This was taken from the following:

http://groups.google.com/group/comp....3e9afae83d061c

And I quote:

"Well, that's also ok for char**, since string literals are of type
char * in c. The general idea still stands, though.

The thing that irritates me is that despite all this, it's _trivial_
to violate const in C without resorting to all this.

const char foo[] = "mystring";
char *constviol = strchr(foo,*foo); "

What I don't get is that that 'const char f[]="mystring" ' is defined
as a char, but the prototype is defined as the following:

char *strchr(const char *s, int c);

When foo gets de-referenced (ie *foo), how come the compiler doesn't
complain about the difference between 'int' and 'char'?

Thanks in advance.

Chad

Nov 15 '05 #1
12 1391
On Sat, 29 Oct 2005 21:51:46 -0400, Chad <cd*****@gmail.com> wrote:
"Well, that's also ok for char**, since string literals are of type
char * in c. The general idea still stands, though.

The thing that irritates me is that despite all this, it's _trivial_
to violate const in C without resorting to all this.

const char foo[] = "mystring";
char *constviol = strchr(foo,*foo); "

What I don't get is that that 'const char f[]="mystring" ' is defined
as a char, but the prototype is defined as the following:

char *strchr(const char *s, int c);

When foo gets de-referenced (ie *foo), how come the compiler doesn't
complain about the difference between 'int' and 'char'?


I have actually been wondering about this as well.

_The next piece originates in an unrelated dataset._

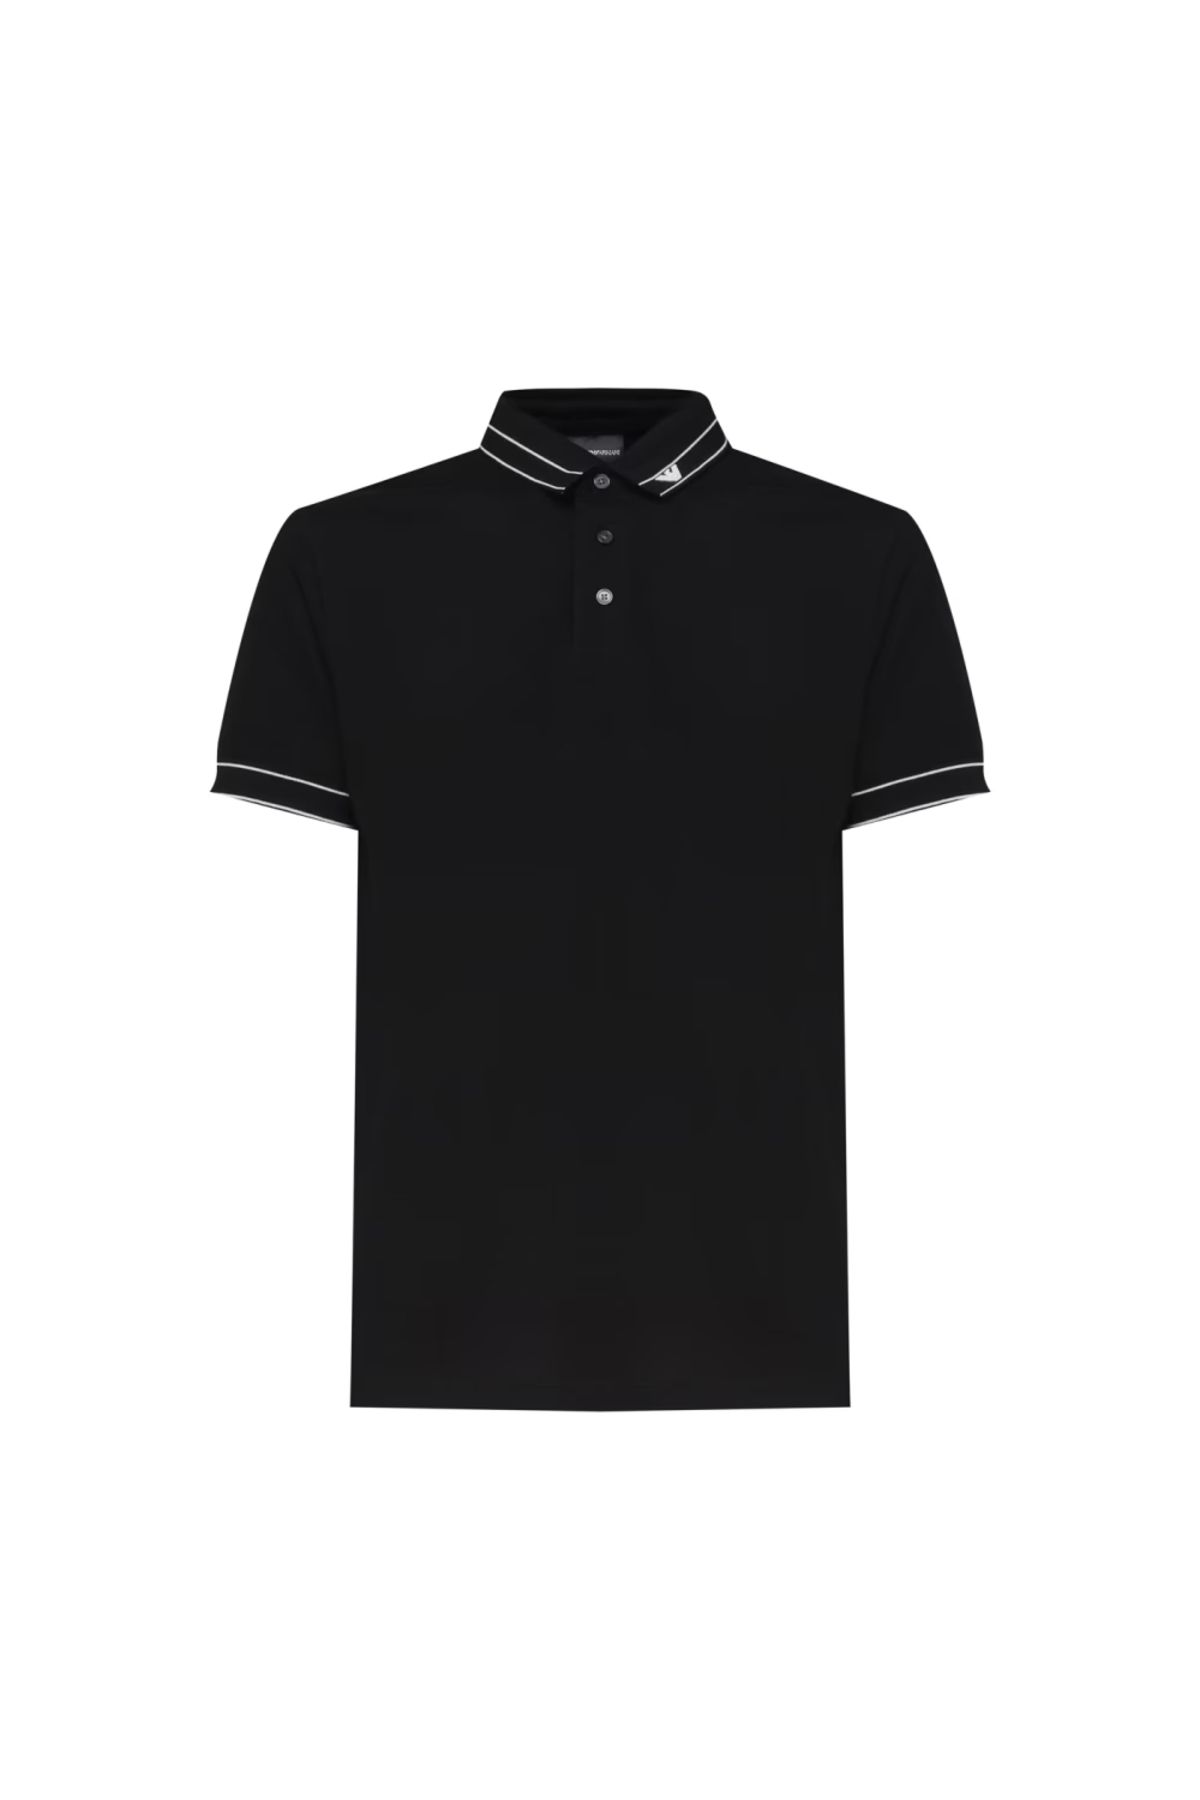 Emporio Armani Erkek Logolu Polo Yakalı Kısa Kollu Düğmeli Siyah Polo Yaka T-Shirt 3D1FM4 1JCYZ-0068

I know that char is an
integer type, but I still would have thought that int and char would have
brought up some kind of warning or what not. I'm not sure how I understand
how that all does it's thing.

- Arctic

--
Using Opera's revolutionary e-mail client: http://www.opera.com/mail/
Nov 15 '05 #2
Arctic Fidelity wrote:
On Sat, 29 Oct 2005 21:51:46 -0400, Chad <cd*****@gmail.com> wrote:
"Well, that's also ok for char**, since string literals are of type
char * in c. The general idea still stands, though.

The thing that irritates me is that despite all this, it's _trivial_
to violate const in C without resorting to all this.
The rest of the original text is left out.